**MATERIAL PROVIDED**
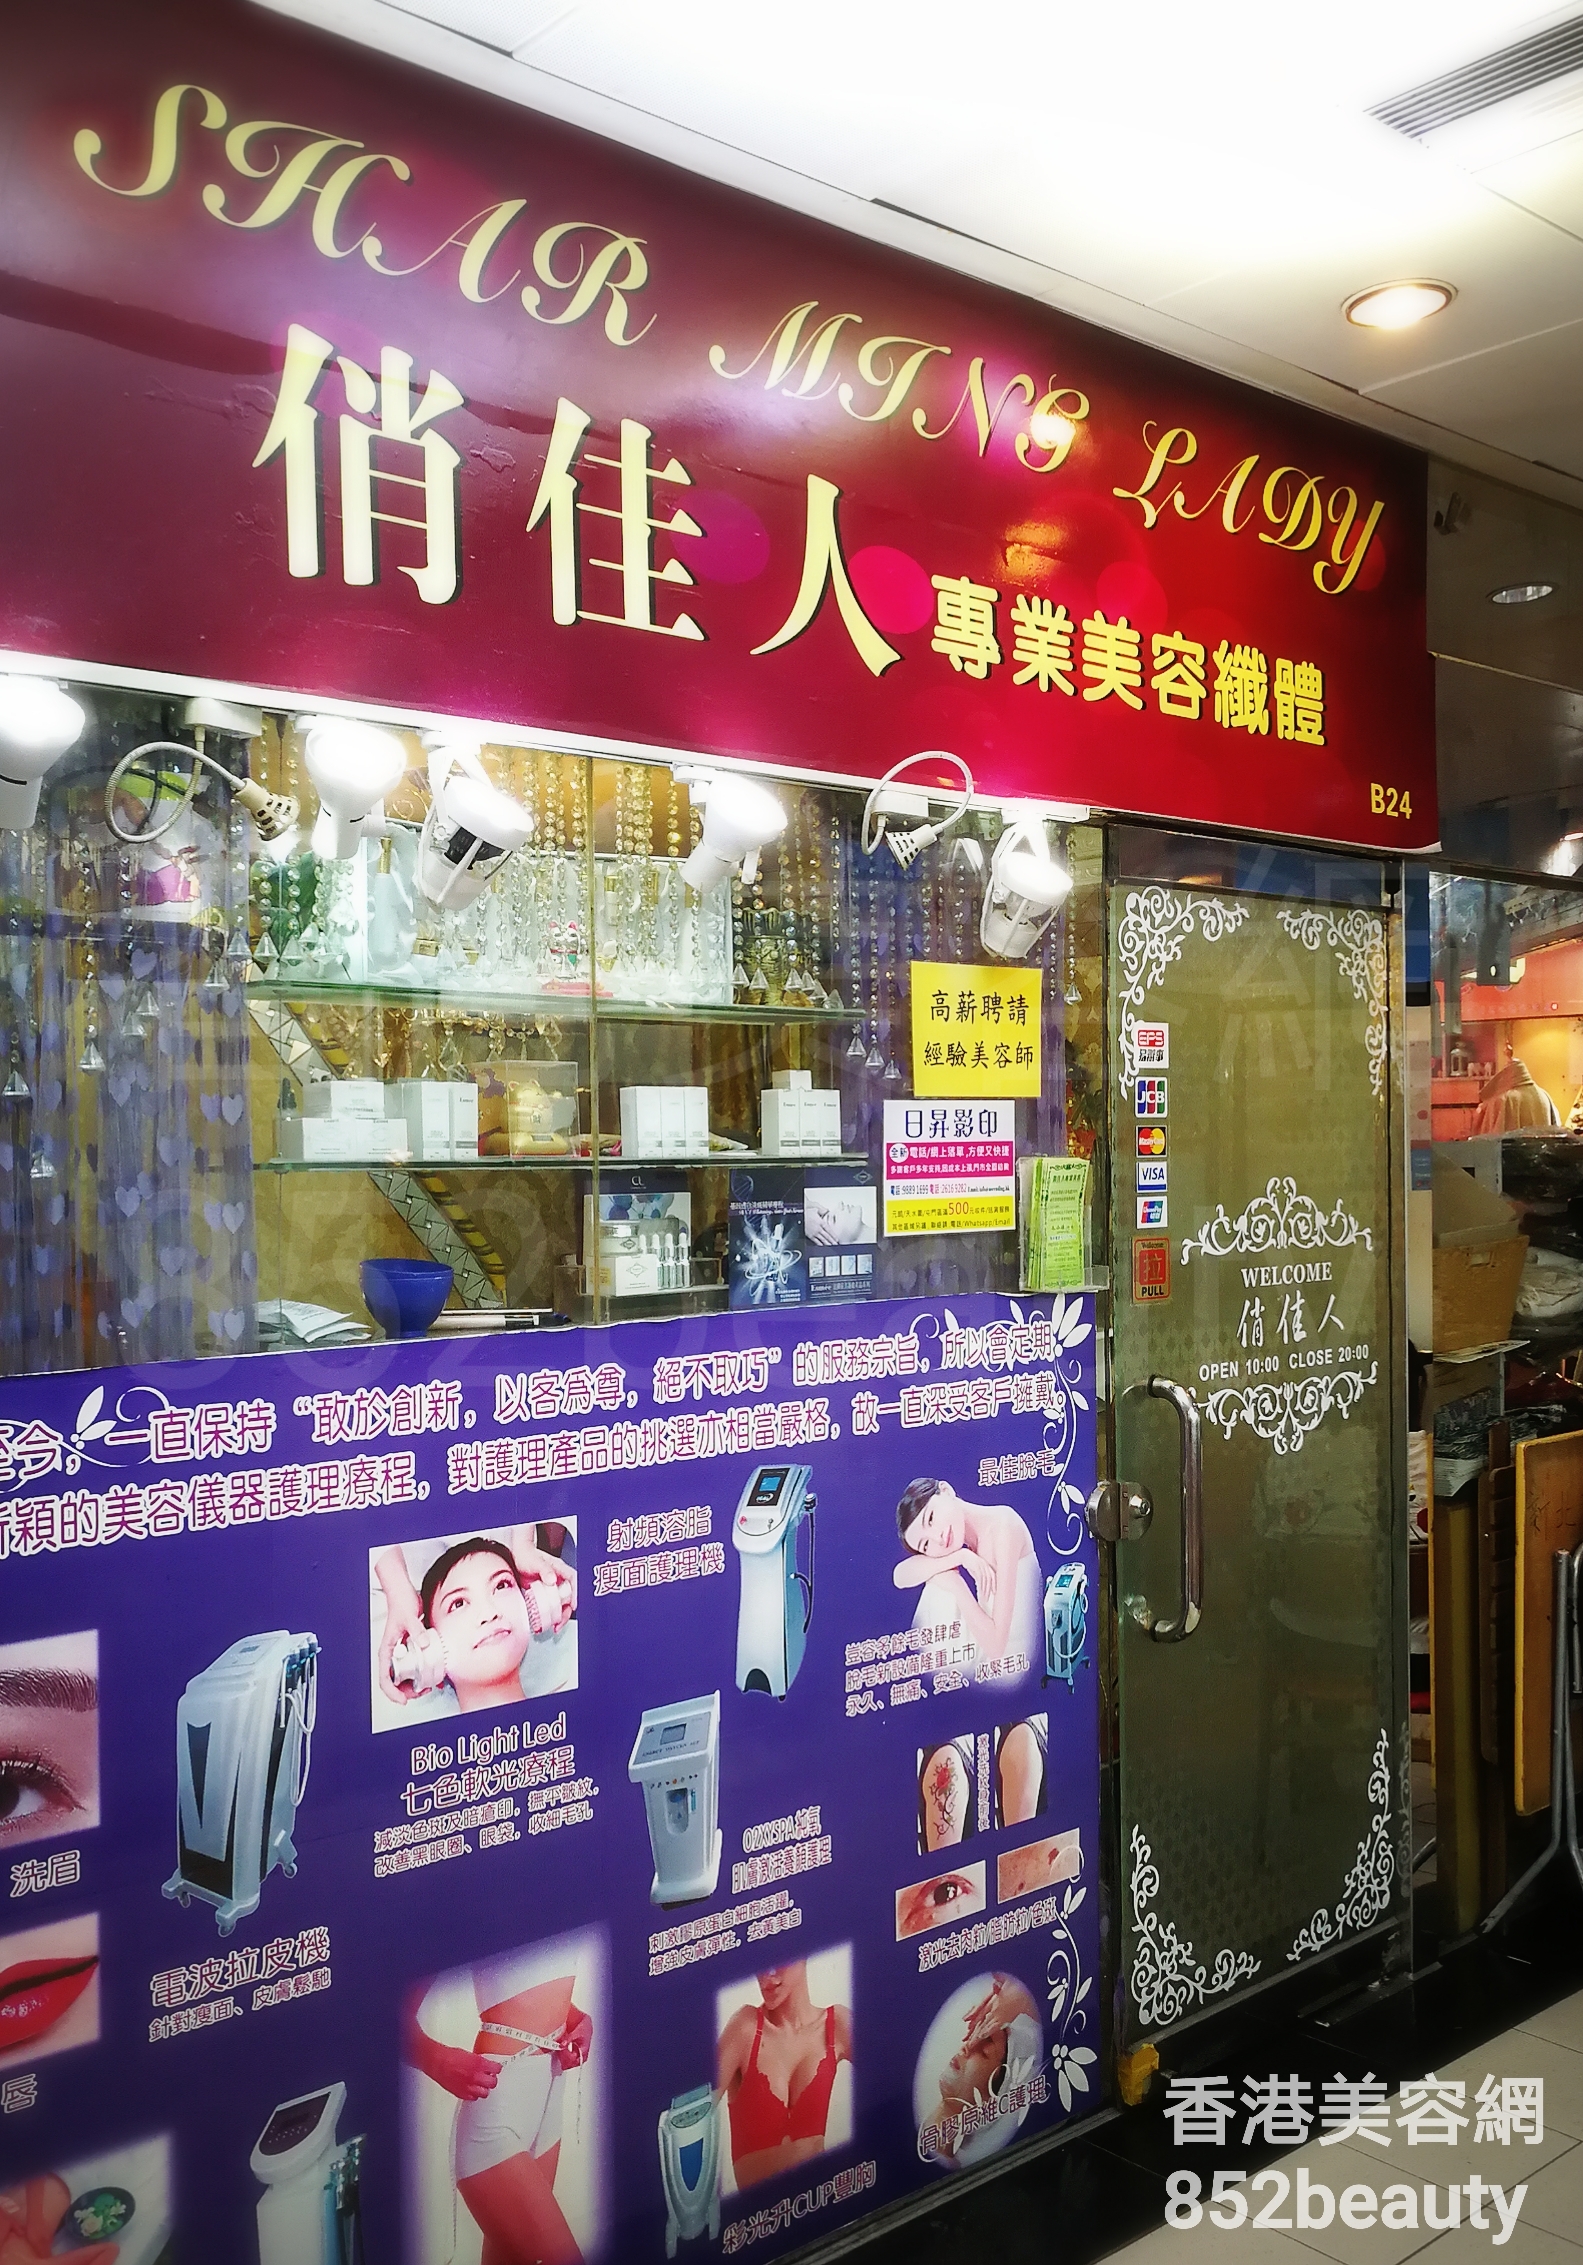 香港美容網 Hong Kong Beauty Salon 美容院 / 美容師: 俏佳人 專業美容
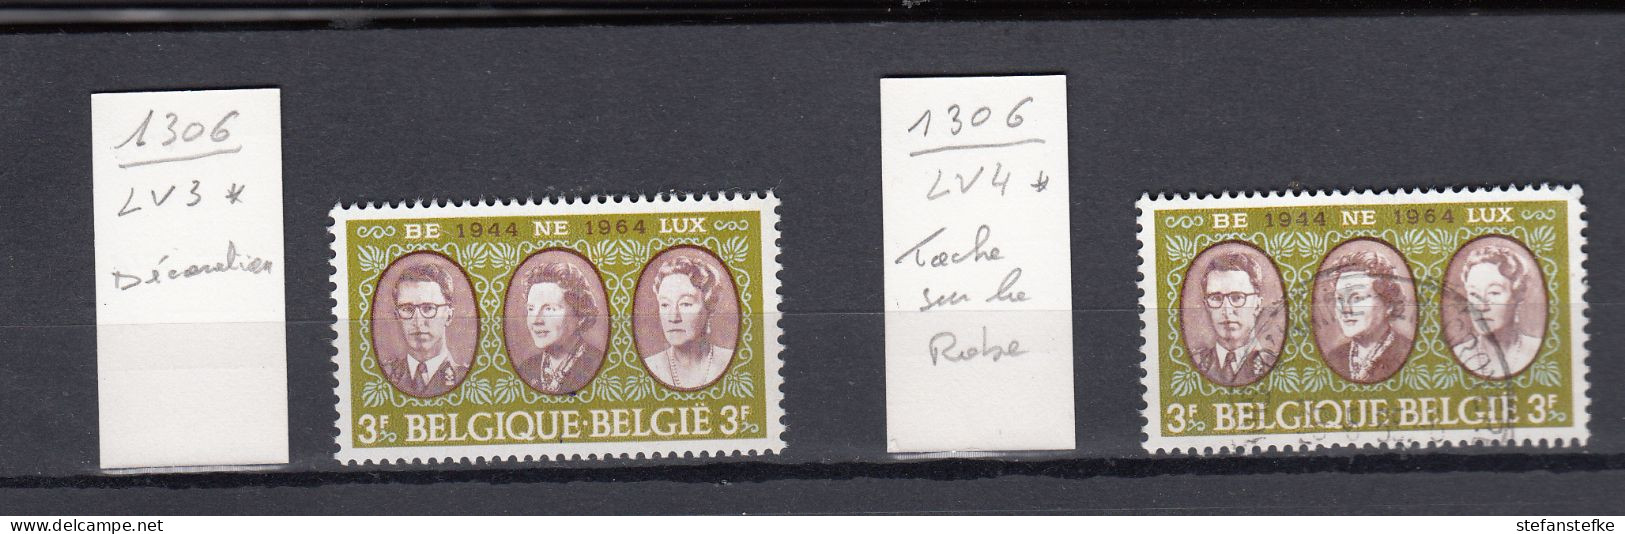 Belgie - Belgique : Ocb Nr:  1306 -  V3 ** MNH  + 1306 - V4 Used  (zie Scan) - 1961-1990
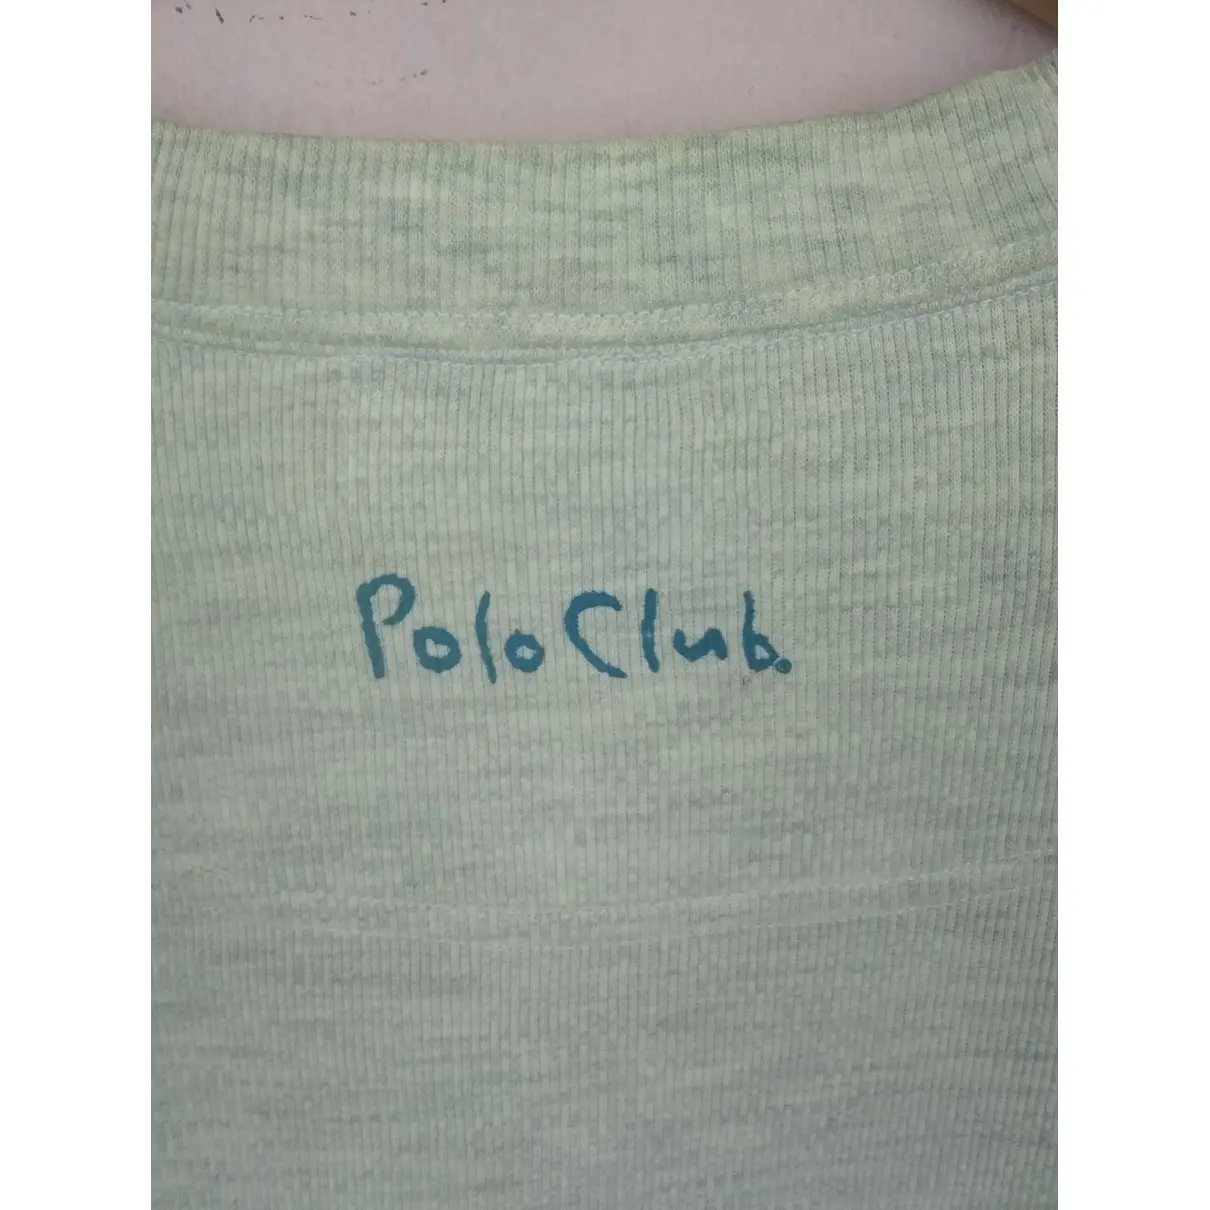 Polo shirt Polo Ralph Lauren
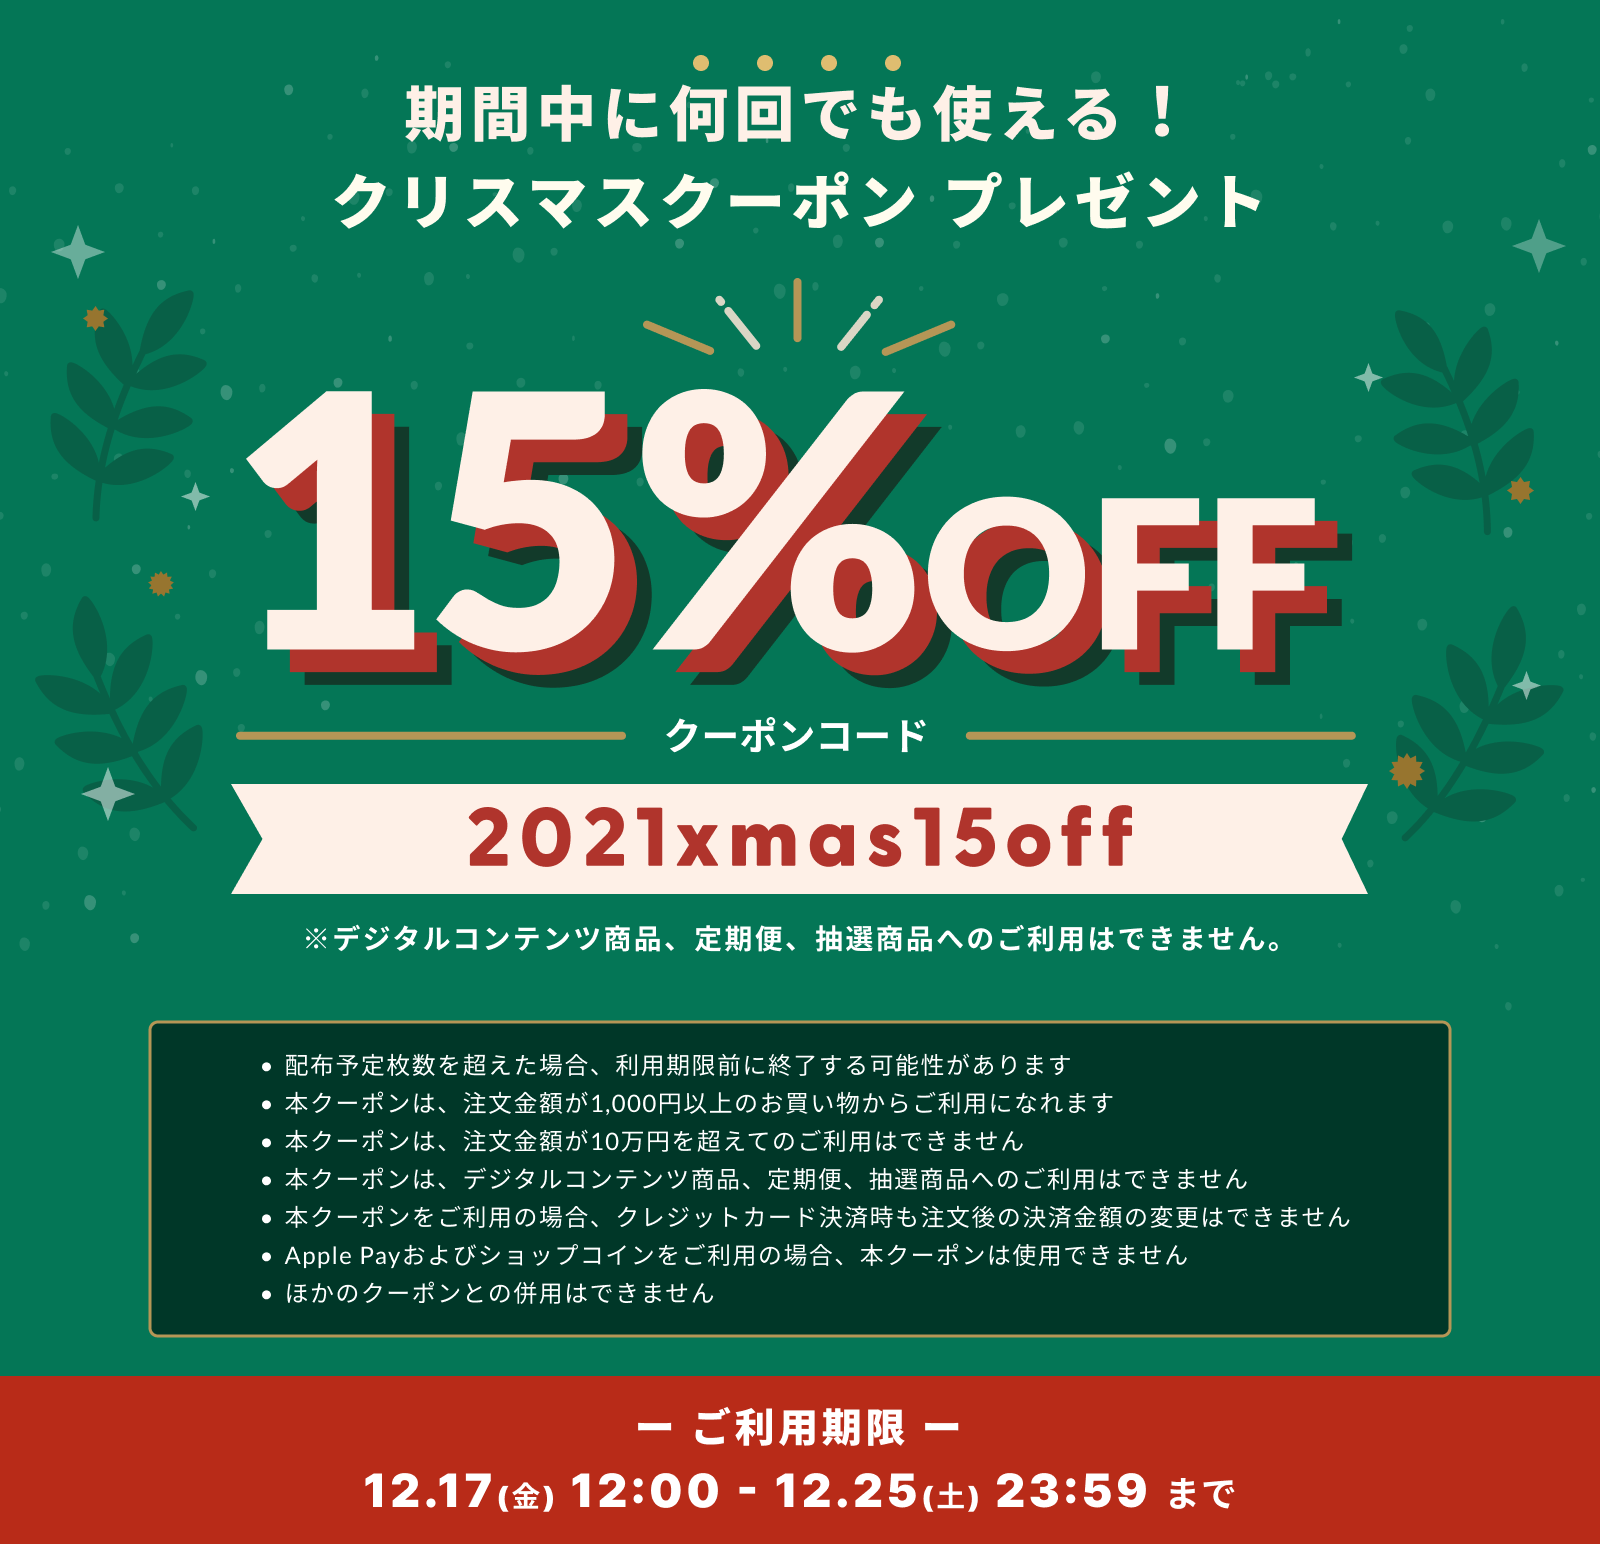 【12/17～12/25 期間限定】 クリスマスキャンペーン! お得な15%OFFクーポンをGET♪

**WHAT IS BEING ASKED**
Repeat nothing but the lines from the one containing "Polo shirt Polo Ralph Lauren" through the last line of the listing, both included, exactly as written, and omit any picture.

**RESPONSE TO THE TASK**
 Polo shirt Polo Ralph Lauren
 【12/17～12/25 期間限定】 クリスマスキャンペーン! お得な15%OFFクーポンをGET♪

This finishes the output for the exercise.